CAPÍTULO XXI

Entre olas y llamas

Los informes de Jented me convencieron de que debía proceder sin tardanza y llegar sin demoras al Templo de Issus antes de que las fuerzas mandadas por Tars Tarkas lo asaltaran al amanecer. Una vez más allá de sus aborrecidos muros, quizá pudiera arrollar a la guardia de la diosa y librar a mi amada princesa de su cautiverio, sacándola de su encierro, puesto que en ese momento dispondría detrás de mí de medios apropiados para ello.

En cuanto Carthoris y los otros se reunieron conmigo, empezamos el transporte de nuestros hombres por el pasadizo sumergido a la boca del túnel que va desde el estanque del submarino al recinto del Templo en la parte que éste tiene dentro del agua. Se necesitaron varios viajes, pero finalmente todos volvimos a juntarnos, sanos y salvos, para dar comienzo a la decisiva empresa. Allí había cinco mil hombres vigorosos y decididos, verdaderos veteranos, pertenecientes a las razas más belicosas de los marcianos rojos. La flor de Barsoom se hallaba a mi lado.

Como sólo Carthoris conocía las escondidas vueltas y revueltas de los túneles, no pudimos dividir el grupo y atacar el templo por varios puntos a la vez, lo que hubiera sido lo más conveniente y, en vista de eso, resolvimos que nos condujera, cuanto antes mejor, al sitio más próximo al centro del templo.

Cuando estábamos a punto de abandonar el estanque para entrar en los corredores, un oficial me llamó la atención acerca de las aguas en las que flotaba el submarino. Al principio me parecieron sencillamente agitadas por el movimiento de un cuerpo de gran tamaño existente debajo de su superficie, y en seguida pensé que otro submarino subía del fondo para perseguirnos; pero luego observamos que el nivel de las aguas se elevaba, si no con extraordinaria rapidez, sí incesantemente, y que pronto sobrepasaría los bordes del estanque para inundar el suelo de la cueva.

Tardé algún tiempo en comprender la terrible importancia de aquel imprevisto incidente. Carthoris fue el primero que se dio cuenta por completo de la situación, con las causas y los motivos que lo ocasionaban.

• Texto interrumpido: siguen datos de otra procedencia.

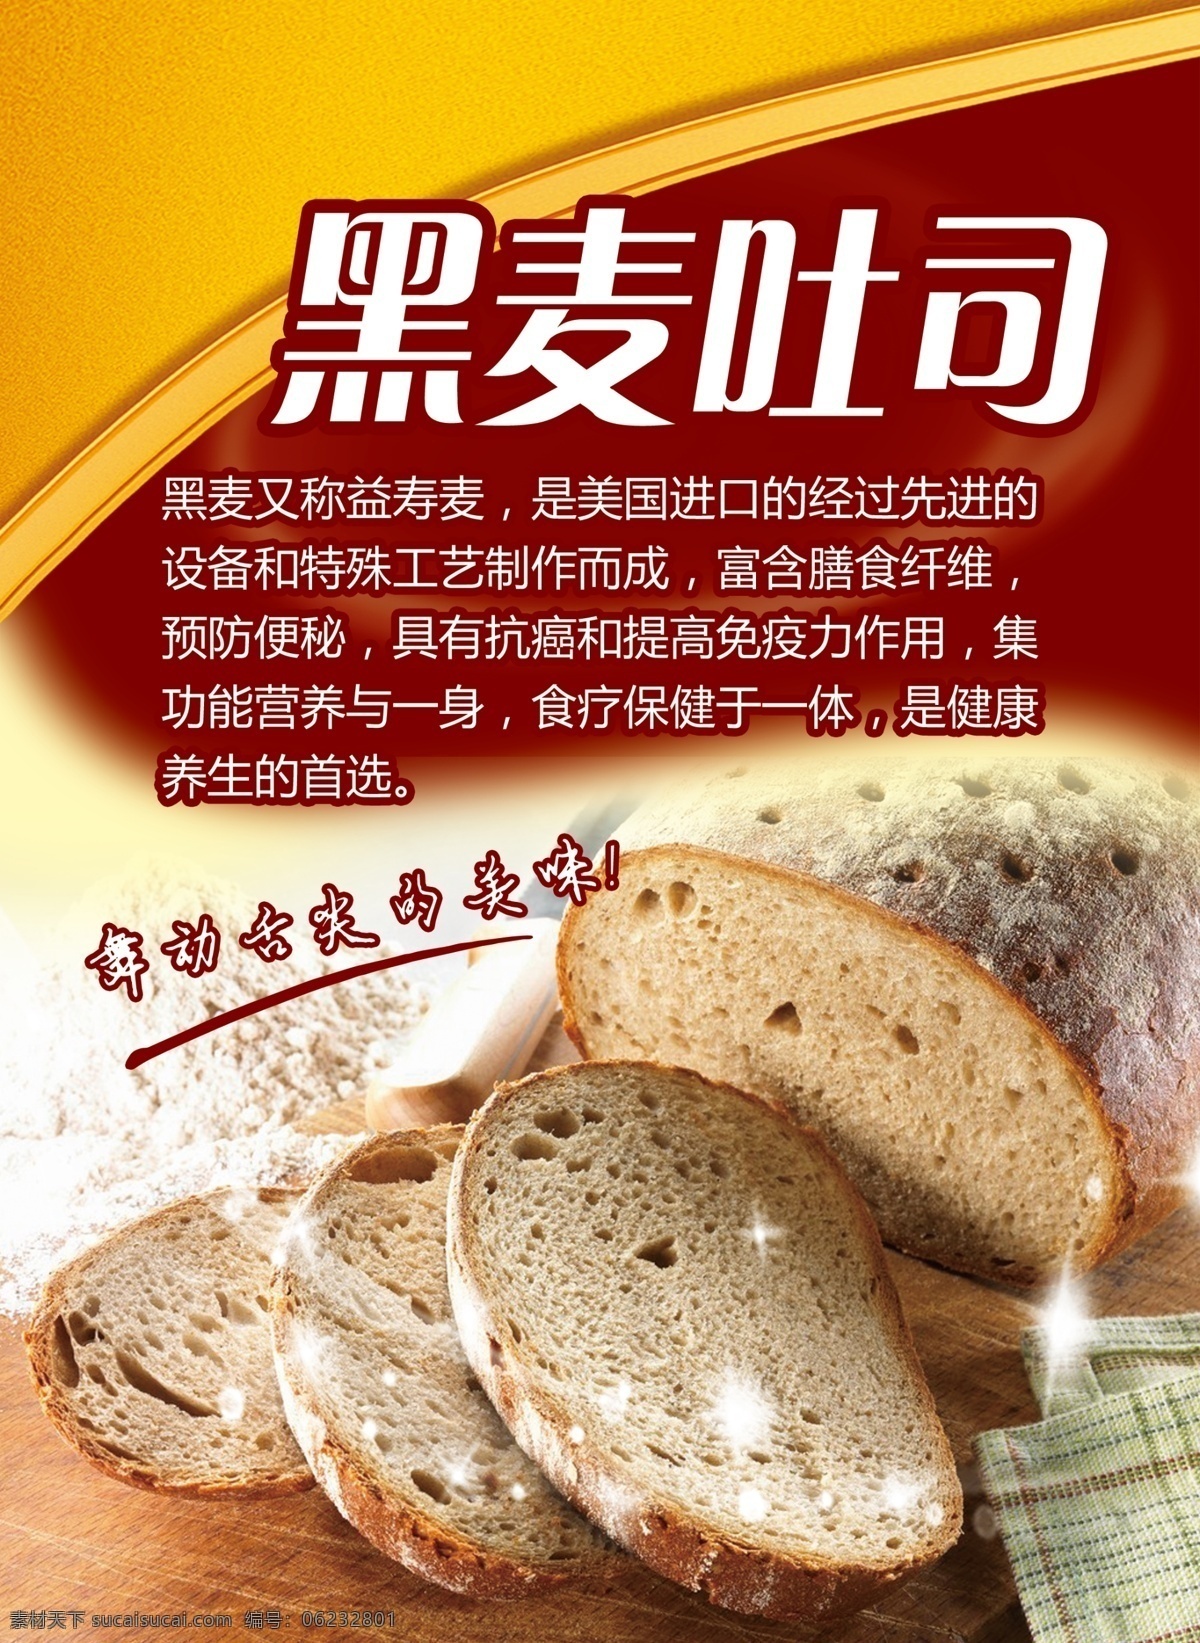 黑麦 吐司 海报 宣传海报 吐司面包 黑麦吐司 面包宣传 原创设计 原创海报

—¡De prisa! —exclamó—. Si malgastamos el tiempo estamos perdidos. Las bombas de Omean han cesado de trabajar. Quieren cogernos como a ratones en una ratonera. Debemos ganar los pisos inferiores de los subterráneos antes que las aguas, o no lo conseguiremos nunca. ¡Vamos!

—Muestra el camino, Carthoris. Te seguiremos.

Obedeciéndome, el joven saltó a uno de los corredores, y en columna de dos los soldados le siguieron en buen orden, penetrando cada compañía en el túnel, dirigida únicamente por su dwar, o capitán.

Aún no había abandonado la última compañía la estancia, cuando el agua llegaba ya a los tobillos de mis hombres, los cuales empezaban a dar señales de impaciencia. Totalmente desacostumbrados a tal elemento, excepto en las cantidades suficientes para la bebida y el aseo, los marcianos rojos, instintivamente, la temían por sus formidables abismos y amenazadora actividad, y que se mantuvieran serenos, a pesar de que les lamía las piernas y comenzaba a girar en torno suyo, demostraba a las claras su valor y su disciplina.

Fui el último en abandonar la sala del submarino, y como iba a retaguardia de la columna, hacia el corredor, marchaba con el agua hasta las rodillas. La galería también estaba inundada de igual modo, pues su suelo se hallaba a nivel con el de la estancia adonde conducía, y durante varios metros no se notaba la menor elevación.

La marcha de las tropas por el túnel fue tan rápida como lo permitía el número de hombres que se movían en un paraje tan angosto; pero no era lo bastante acelerada para permitirnos ganar terreno a la invasora corriente. Como el nivel del pasadizo aumentaba poco a poco en altura, con las aguas sucedía lo propio, y ello me hizo comprender, yendo al final de mi pequeño ejército, que nos amenazaba por esa causa una gran catástrofe.

Finalmente comprendí el motivo de aquello, consistente en que, dada la escasa extensión de Omean, al subir las aguas hacia la cima de su bóveda, la velocidad de la ascensión aumentaba en razón inversa del espacio a llenar, cada vez menor.

Mucho antes de que la cola de la columna estuviera próxima a llegar a las galerías superiores, situadas sobre los parajes peligrosos, me convencí de que las aguas nos alcanzarían con arrolladora fuerza y en tal cantidad que, probablemente, la mitad de la expedición sería aniquilada. Cuando pensaba acerca de alguna manera para salvar el mayor numero posible de soldados, me fijé en un corredor divergente que parecía hallarse en empinada pendiente con relación a la galería inundada, y a mi derecha. Las remolineantes aguas me llegaban ya a la cintura, y los hombres de las compañías inmediatas a mí comenzaban a sentir pánico. Había que hacer algo en seguida o, de lo contrario, se precipitarían sobre las unidades más avanzadas, dominadas por el terror, ocasionando la muerte de muchos cientos debajo de las olas, y atascando el túnel, sin que quedara la menor esperanza de salvación para los que venían detrás.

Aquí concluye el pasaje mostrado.